One of the most acclaimed modern American novelists, Scott Spencer captures the intensity of human passion - and its capacity to both destroy and redeem - with unparalleled precision and insight. Now, in his most stunning novel yet, this wry, witty, and deeply sensitive writer returns to the territory of his New York Times best seller A Ship Made of Paper, in a gripping and provocative psychological thriller of morality and manhood, choice and fate.
Paul has been on his own since he was a teenager, leading a life of freedom and independence, beholden to no one and nothing. Fearless, resolute, and guided by his own private moral code, he has hunted for food in Alaska, fought forest fires, and been deputized in a manhunt for a kidnapper in South Dakota.Once he thought his life would have no particular rhyme or reason, touched only by transient strangers. Then he meets the beautiful, intelligent, loving Kate Ellis and her daughter, Ruby, who offer order and constancy. But Paul is a man of deep convictions, and the compromises we all make to get along in the world elude him.
On his way home after rejecting a job remodeling a luxurious Manhattan apartment, Paul stops to gather his thoughts at a state park just off the highway. Instead of peace, he finds a man savagely beating a dog, and in a few fateful moments Paul is plunged into a world of violence and onto a tumultuous journey of self-knowledge, guilt, and redemption.
With the psychological acuity and razor-sharp prose for which he has been celebrated, award-winning novelist Scott Spencer once again takes us on an unforgettable journey of manhood lost and found.
©2010 Scott Spencer (P)2010 HarperCollins Publishers
“In this brilliant novel, Scott Spencer further expands his range to embrace our relations with animals—with the loyal pets that consent to share our domestic lives, and with the darker, more alarming beasts that lurk within even the most compassionate and conscious human beings.” (Francine Prose)

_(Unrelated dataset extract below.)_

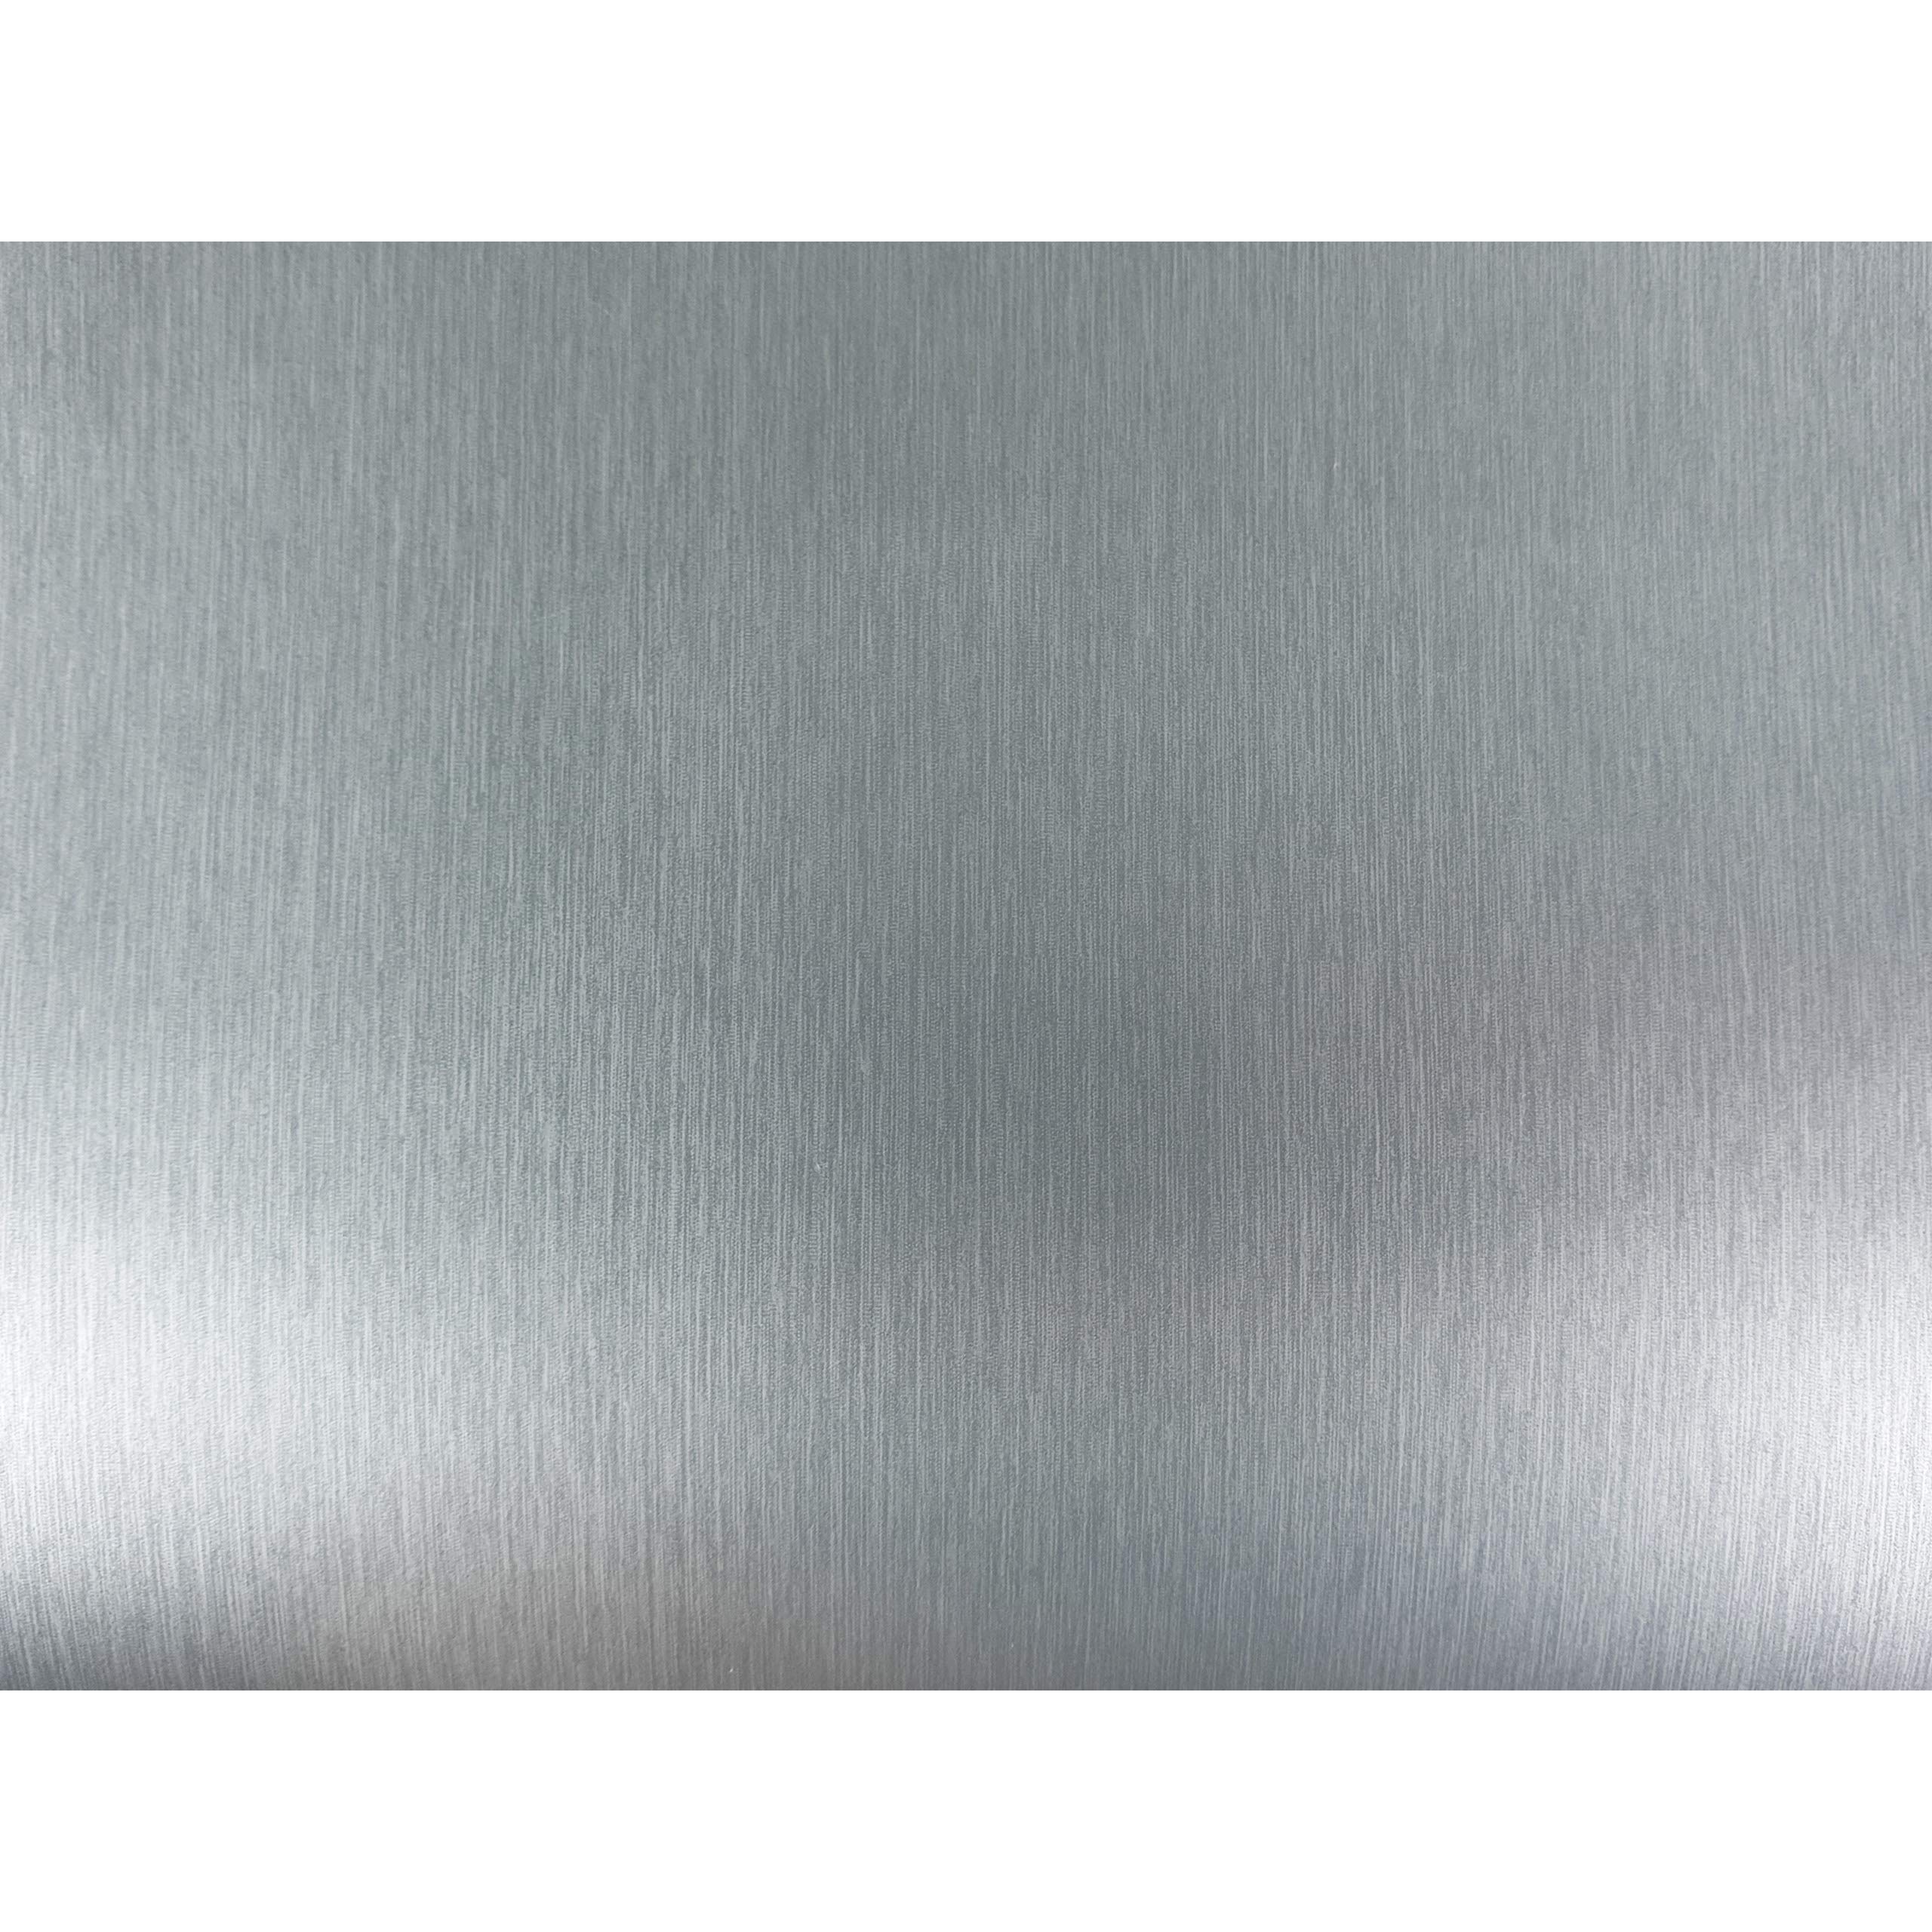 DecoMeister Klebefolien in Aluminium-Optik feingebürstet Aluminiumblechlfolien Deko-Folien Aluminiumfolie Selbstklebefolie Möbelfolie Selbstklebend 67,5x740 cm Blechfolie Aluminium Metallic Glatt

“[A] compelling setup and stunning conclusion....The depth of the characters, the questions they ask and the challenge they confront stay with the reader long after the conclusion.” (Kirkus Reviews)
“[Spencer] writes love stories with such beauty that you want to savor every surprising phrase, but his intense, intriguing plots propel you to race along the pages. He does it again in his new book, a complex novel... fresh, and compelling.” (Cleveland Plain Dealer)
The narrator was the type who makes you work very hard to try to ignore, while still keeping track of the story. Quite a difficult task. Maybe someone who prefers flat mystery novels would like this book?
Been a sharper writer.
In every way. The voice of Kate Ellis was particularly grating.
Stay away if you like really great writing and great performances.
This is a good book - no question about it. The characters are complex and complete. The author confronts questions of morality that are just as complex and he doesn't resort to any easy ways out.
However I did not care for Christopher Burns' reading. He uses special emphasis and dramatic pauses constantly, which gets annoying and muddies the drama inherent in the writing itself.
I bought this listen after an NPR interview with the author. I was thrilled to be able to read a book by someone who is interested in one of my preoccupations: life goes along just fine, and then something happens and after that, nothing is the same.
However, in this story, everything not only goes on as before, it even gets better! The open-ended final scene is not a valid consequence to the protagonist's behavior, and instead of an introspective story about how the main character deals with his life after committing a crime, the act itself is just background noise.
I tried to find something to like in this book but it was impossible. The sentences go on and on so long that by the time you get to a full stop you've forgotten what the point was. There are too many meandering irrelevant stories included with every character's appearance, and there are way too many characters. An entire chapter is devoted to describing what everyone is wearing at a New Year's Eve party. And I can't believe the author made the Y2K thing such a big deal - didn't he remember it was nothing? Or is this an old book repackaged?
The narrator reads in an emphatic sort of way, stressing every word, so the reading ends up sounding slightly sarcastic and artificially exaggerated.. I don't think that was the author's intent, but the reading does not sound genuine.
Nothing in this book worked for me. In spite of the reviews, it's not about bonding with animals, and it's not about how you would deal with committing a crime. It's just...well...much ado about nothing.